* _Assignment_
Return exactly the lines of the records below, starting at the line that contains "Manual Digital Tension Controller KTC800A" and ending at the line that contains "Medium Pasticcino Bag", with both of those lines kept.

* _Task material_
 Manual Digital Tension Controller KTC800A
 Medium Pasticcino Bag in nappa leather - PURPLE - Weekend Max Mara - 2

--

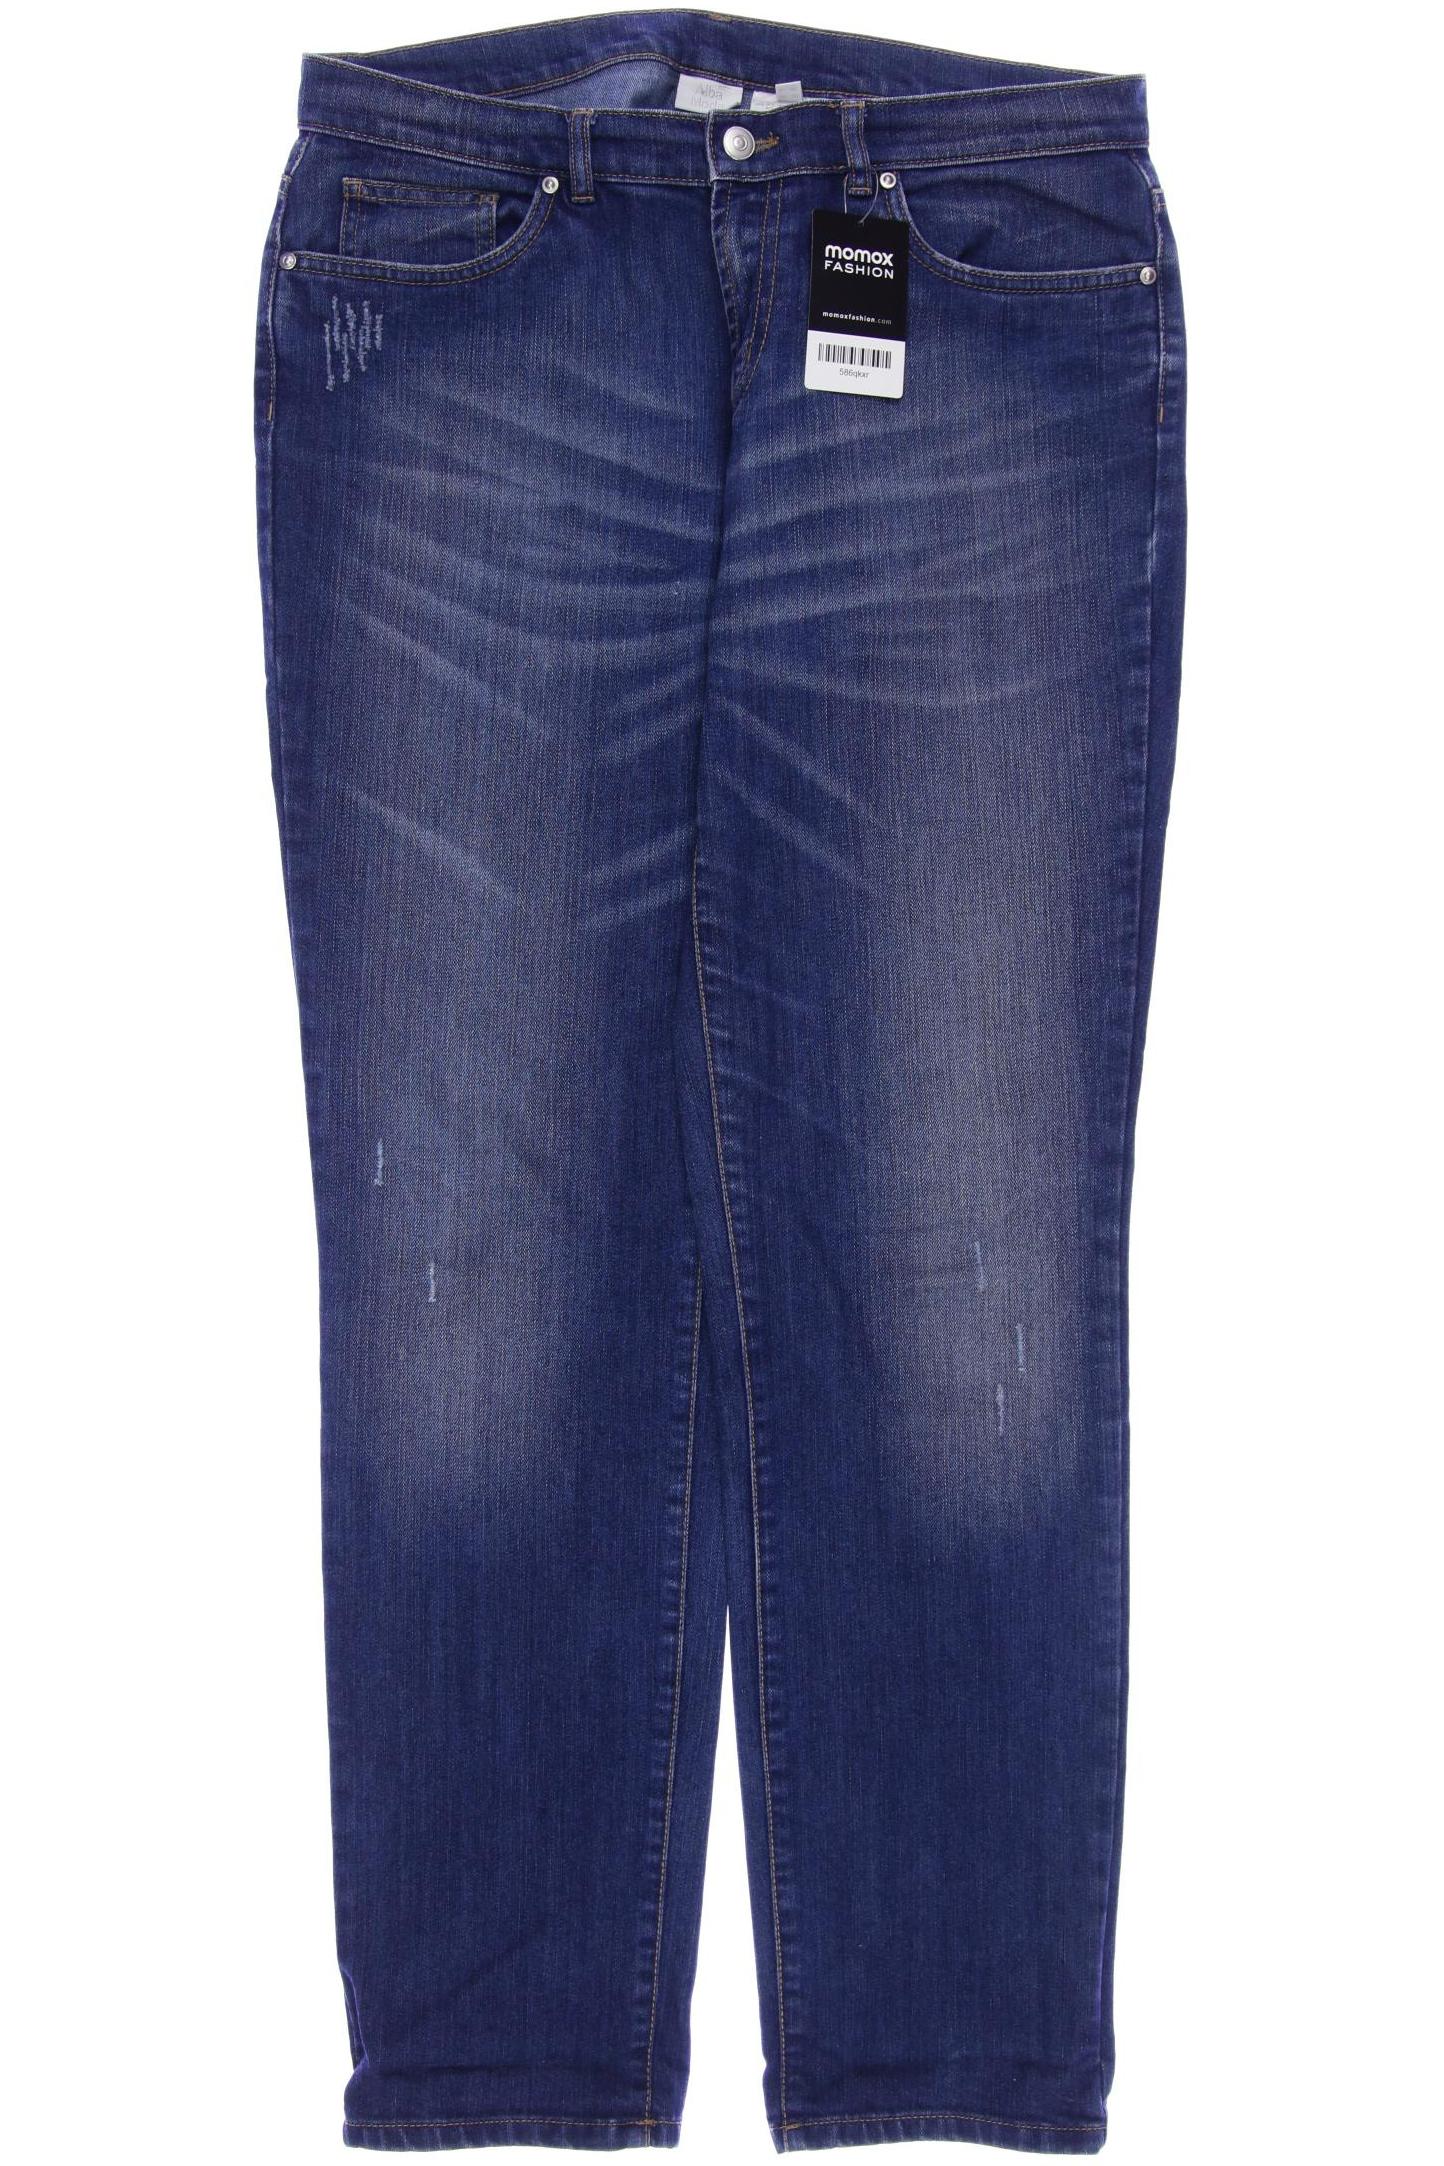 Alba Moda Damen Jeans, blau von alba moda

* _Response for this exercise_
 Manual Digital Tension Controller KTC800A
 Medium Pasticcino Bag in nappa leather - PURPLE - Weekend Max Mara - 2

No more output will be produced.